* **Work request**:
Copy the listing that follows exactly. Its pictures do not belong in the copy.
---------- Data
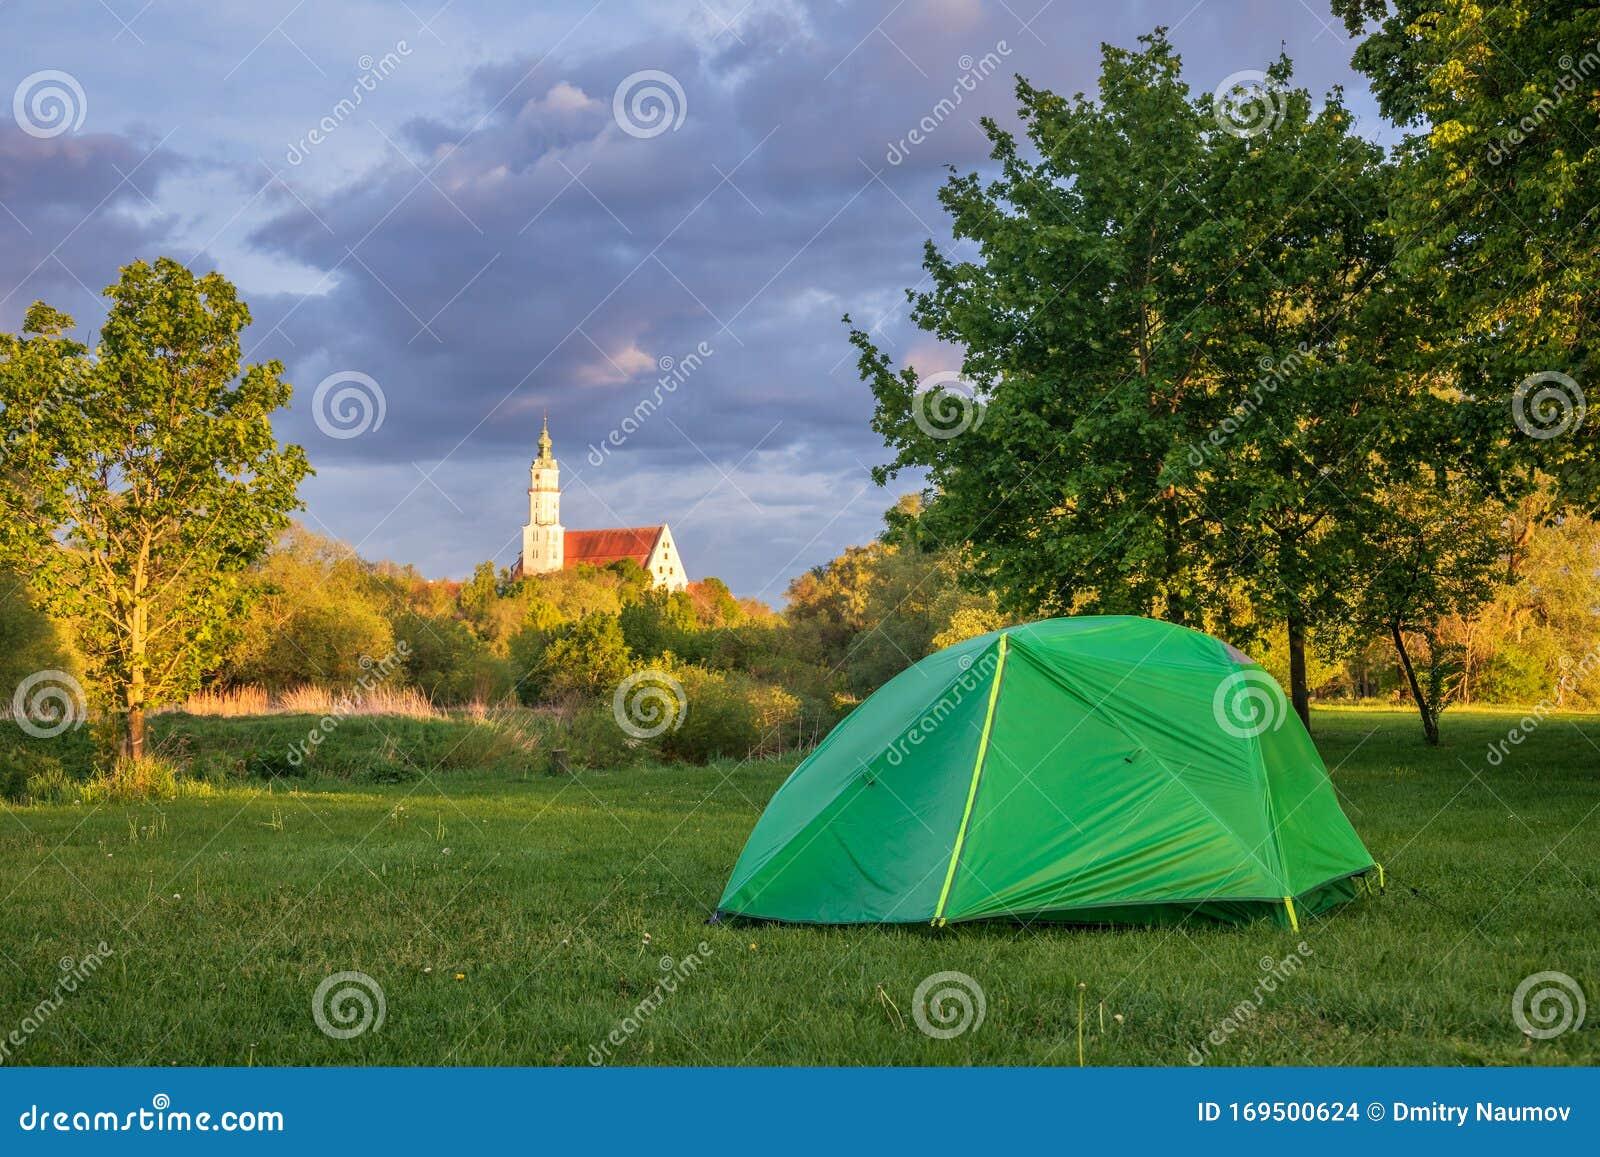 Camping Tent Romantic Road Touristic Route Donauworth ...
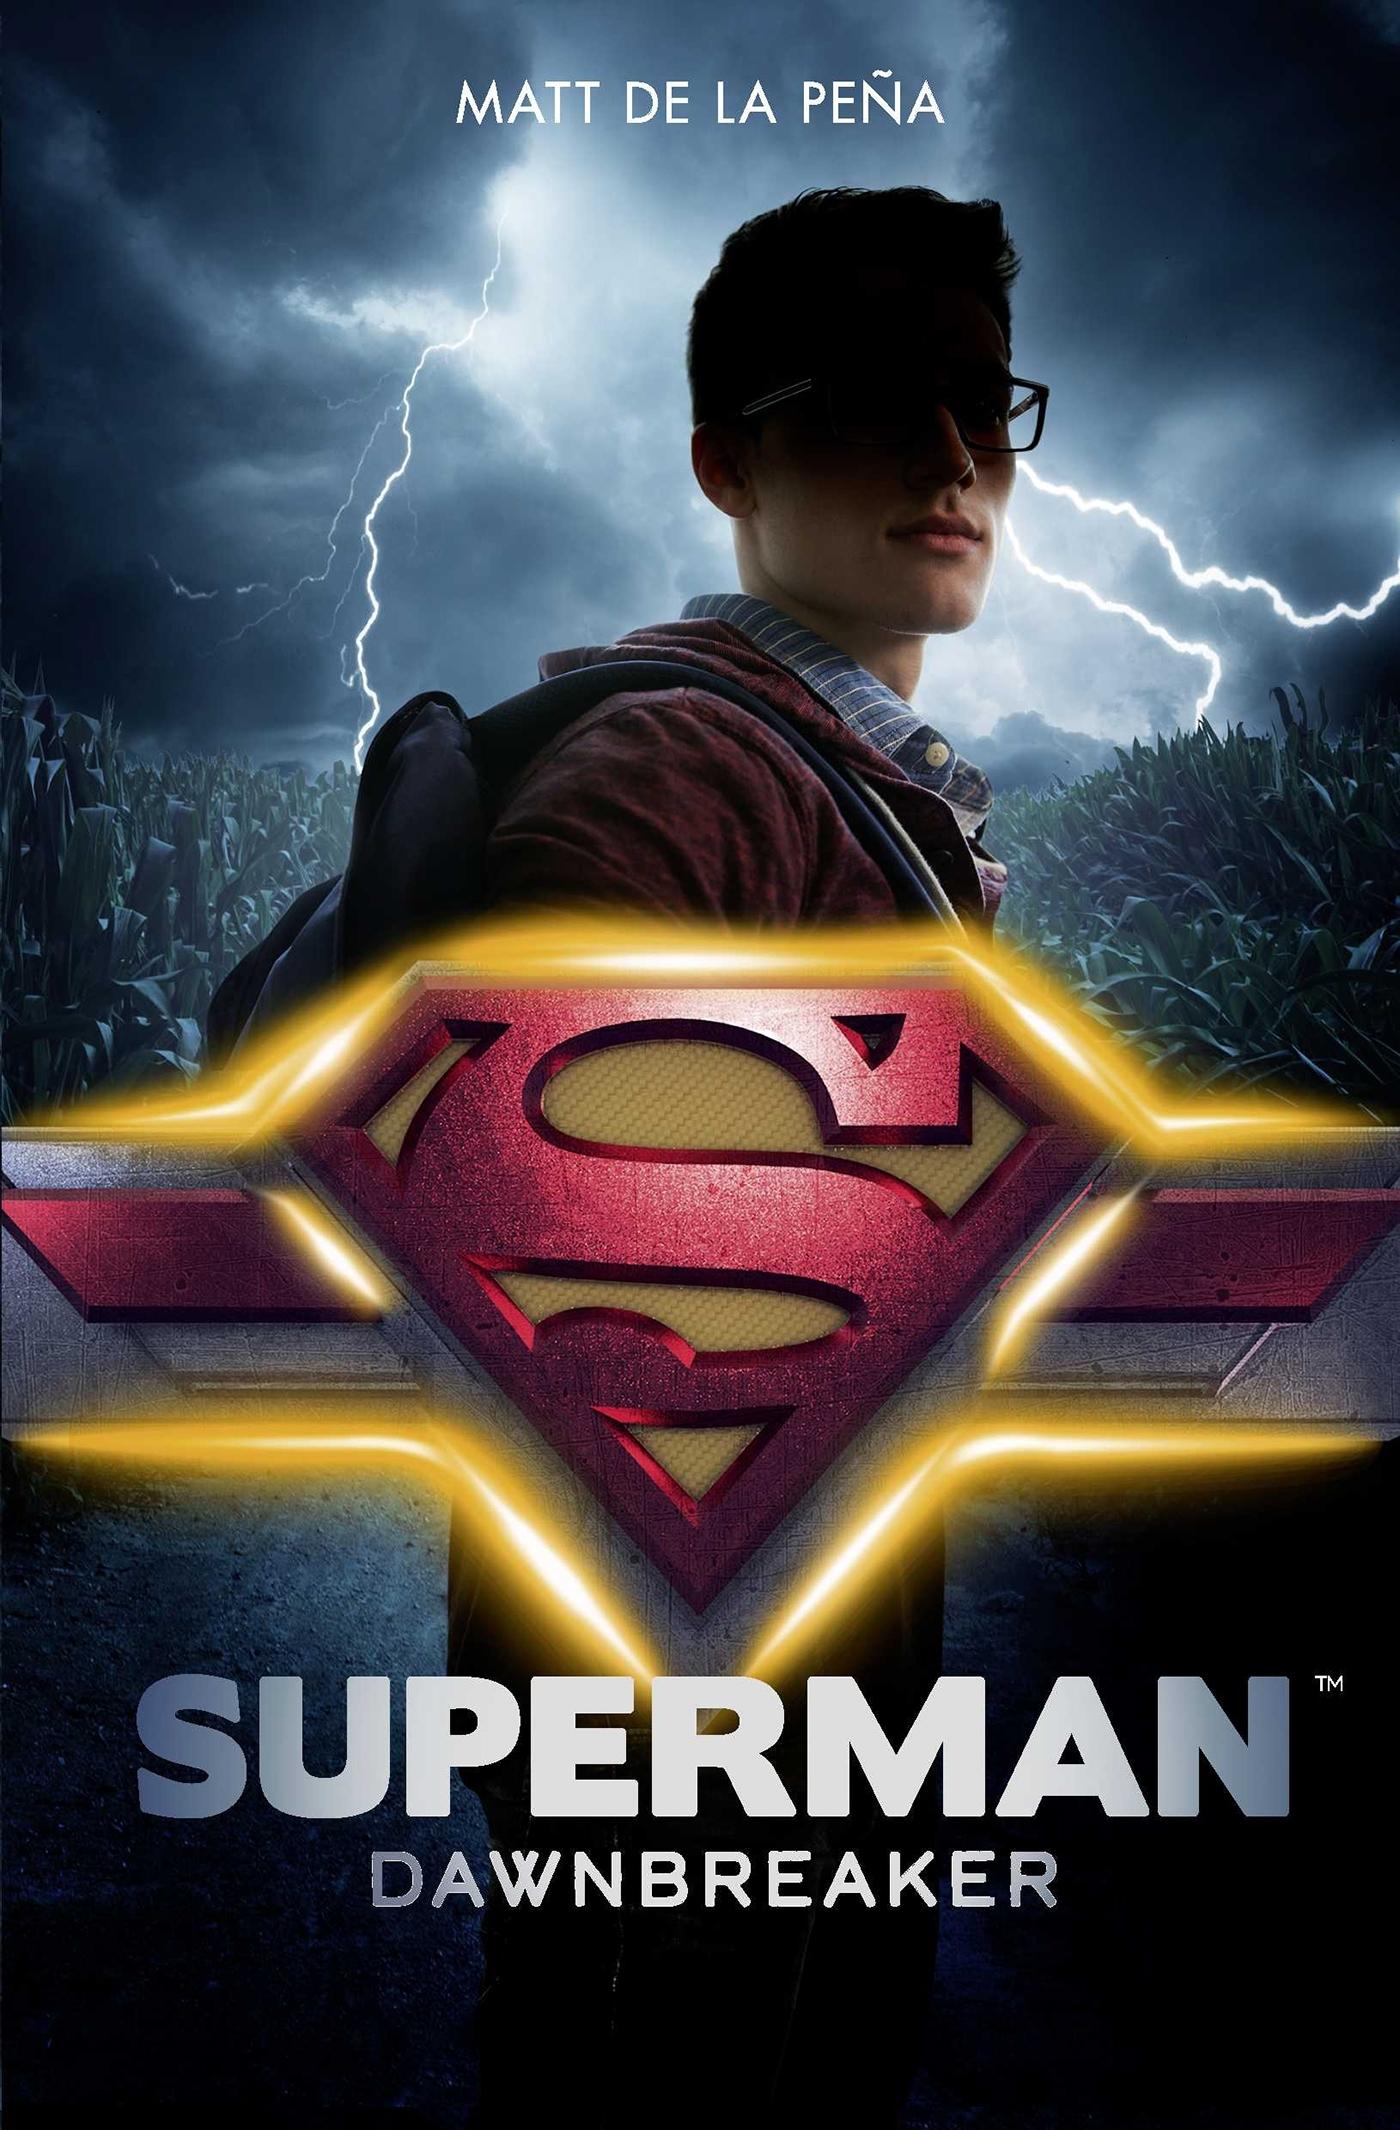 SUPERMAN - DAWNBREAKER
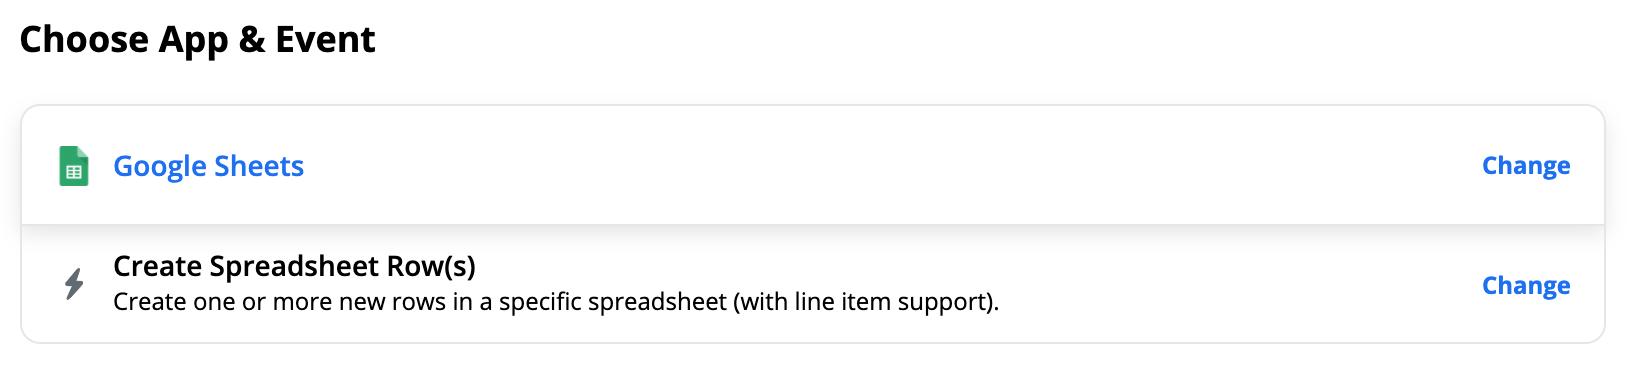 Google Sheet Create Spreadsheet rows
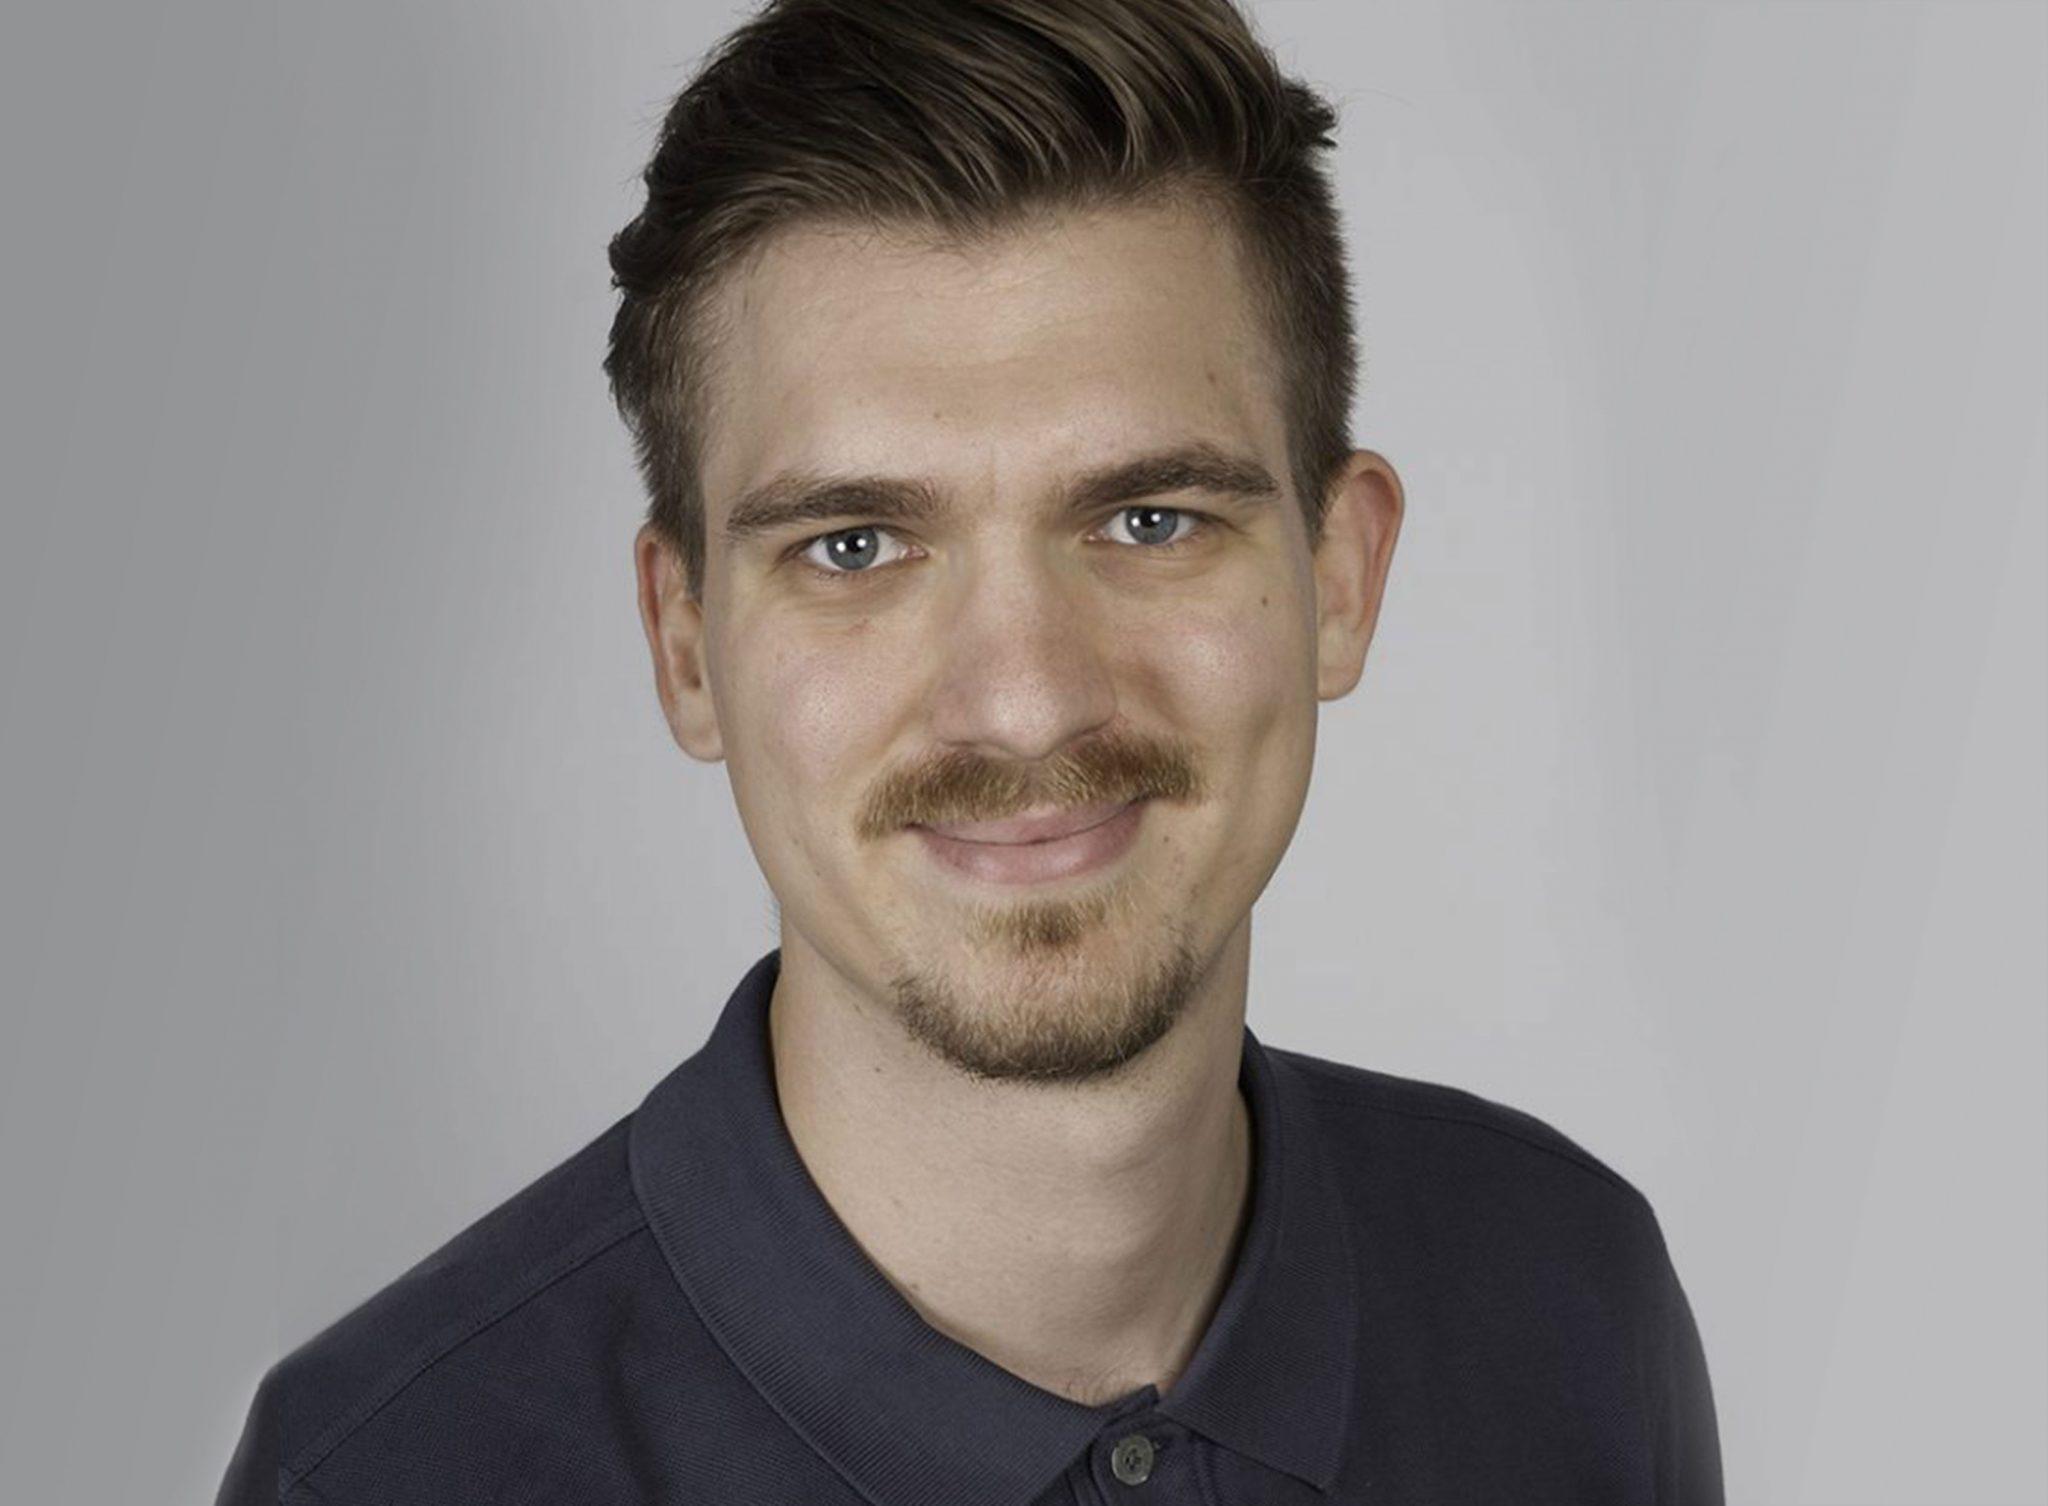 Felix Holstein
--------------------
* **Answer to the problem**:
 Camping Tent Romantic Road Touristic Route Donauworth ...
 SUPERMAN - DAWNBREAKER
 Google Sheet Create Spreadsheet rows
 Felix Holstein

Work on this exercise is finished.